Aconcagua 2002!

Dispatch#46 February 10th, 2002.  Aconcagua Base Camp, Argentina. Team V Hey cybercasters, this is Matt Szundy and Cece Mortensen at Aconcagua Base Camp with Team V.  We thoroughly enjoyed our rest day today and are anticipating our move to Camp I tomorrow.  Sadly our beloved teammate David Moore, rode a mule out today.  He had a tough day yesterday on our carry to Camp I and chose to leave the expedition.  I would like to read a note explaining his decision in his own words, because I think it very accurately describes how we all often feel and think about our loved ones when we are so far away.

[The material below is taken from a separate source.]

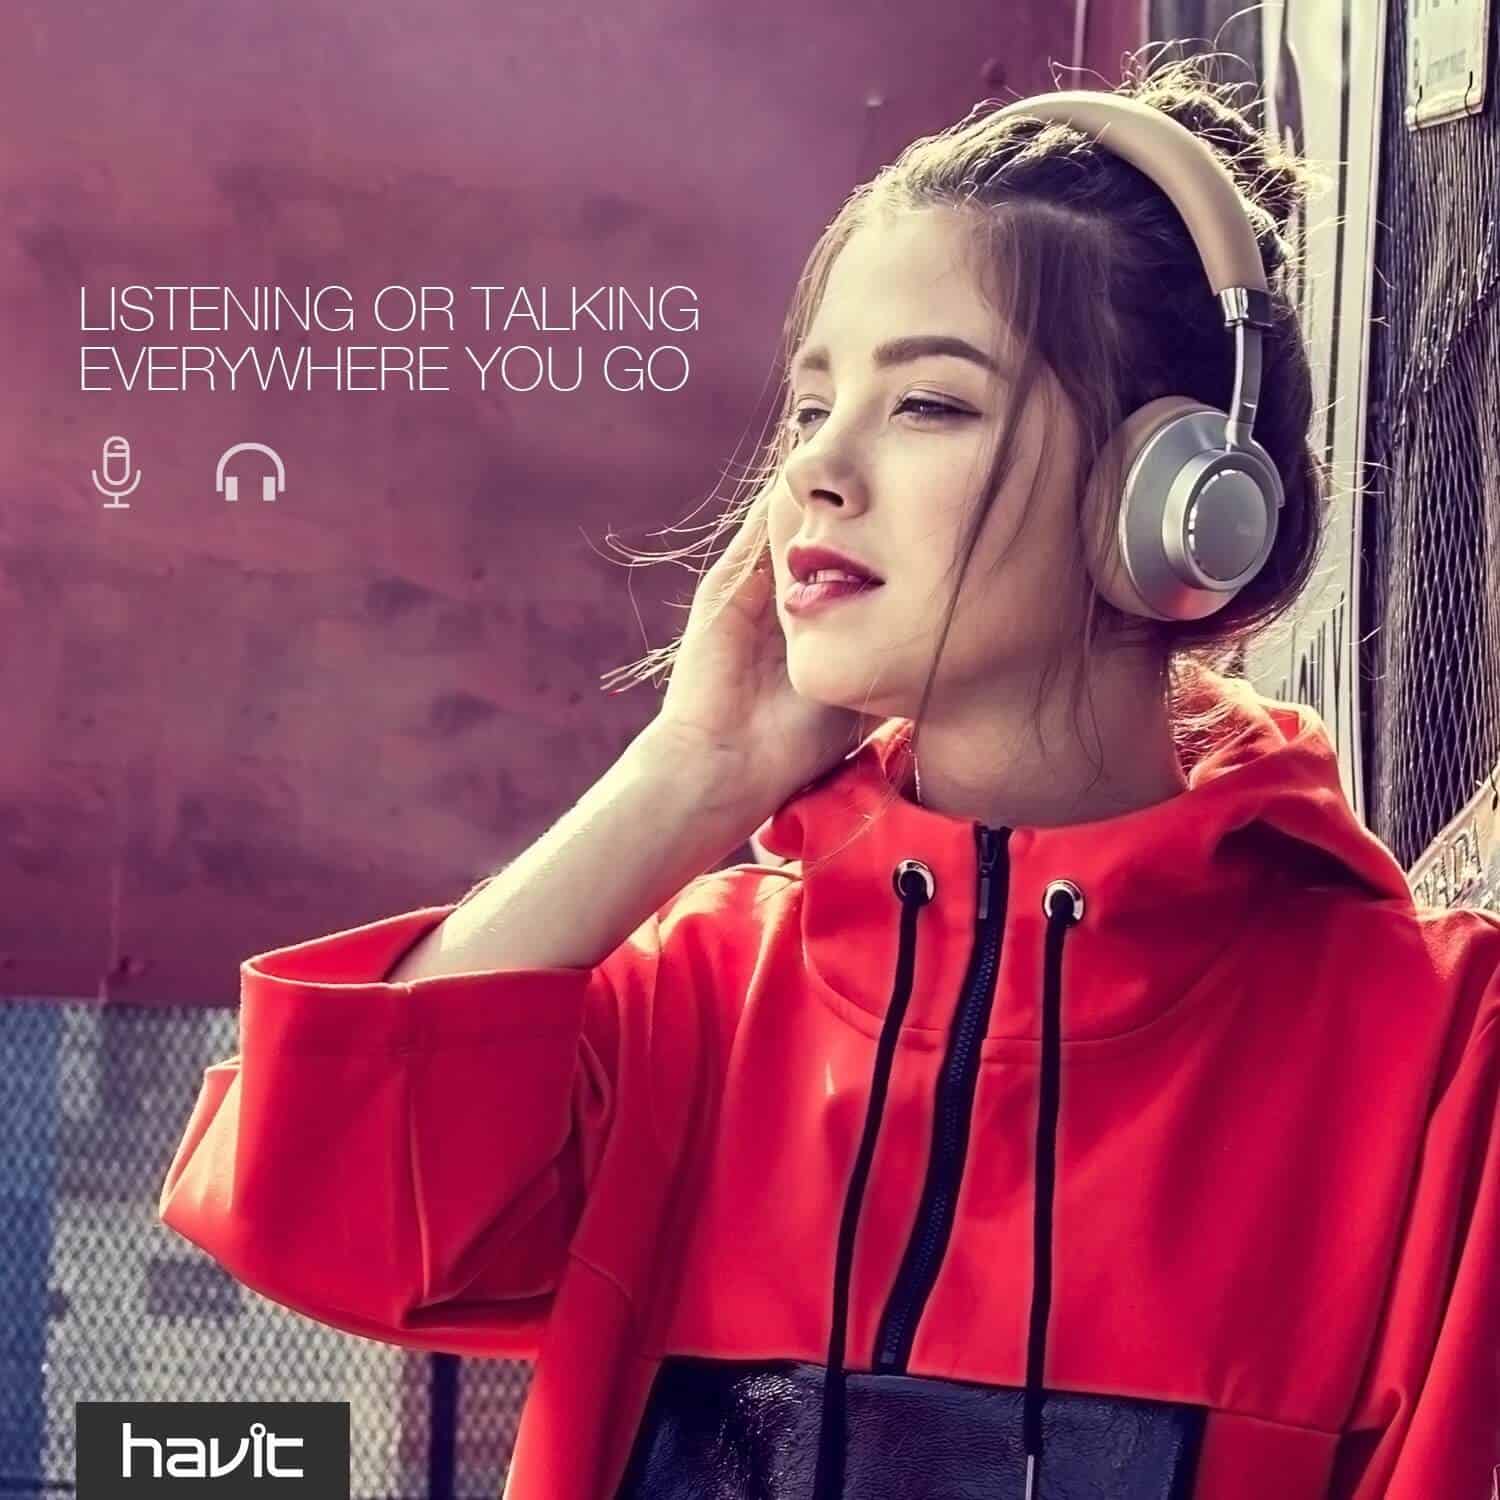 HAVIT I18 Wired / Wireless Headphones with Bluetooth 4.1

"I climb with Alpine Ascents because they have probably the best acclimatization schedule and safety record in the business.  However high altitude mountaineering remains an extremely dangerous sport that requires the setting of mental and physical goals and personal/responsibility lines before the climb and to be sure to stick to these boundaries for the duration of the ascent.  To move these boundaries is both foolish and is letting the people down the who love you the most.  Yesterday, with moderate AMS, I reached my line.  And although I am now safely down back at Base Camp and I am sure that after a day's rest I could safely continue the ascent, I intend to keep all the promises I have made to the people I love, and return home to my little princess Lacey (His 4-year old daughter).  To climb a mountain like Aconcagua it has to be the primary focus in one's mind.  My mind is elsewhere.  When Glen asked yesterday "How many times have you thought about your daughter today?" I said, "just once...for seven hours."  I'd like to thank Cece and Matt for guiding the group so well, and to my teammates John, Glen, Doug and Dave, you are a strong group of climbers, and it was a pleasure pushing the limits with you.  I wish you all the best, be strong, have fun, but most importantly, be safe.  God bless, Dave."

So CeCe and I now have four strong, motivated climbers, including three for the Polish Direct.  Incidentally we have heard from other climbers that the Direct is in excellent shape.  So we are praying for continued stable weather.   Okay, gotta go, Cece made yet another fantastic fresh veggie salad for dinner.  Hope all is well with our loved ones, Matt.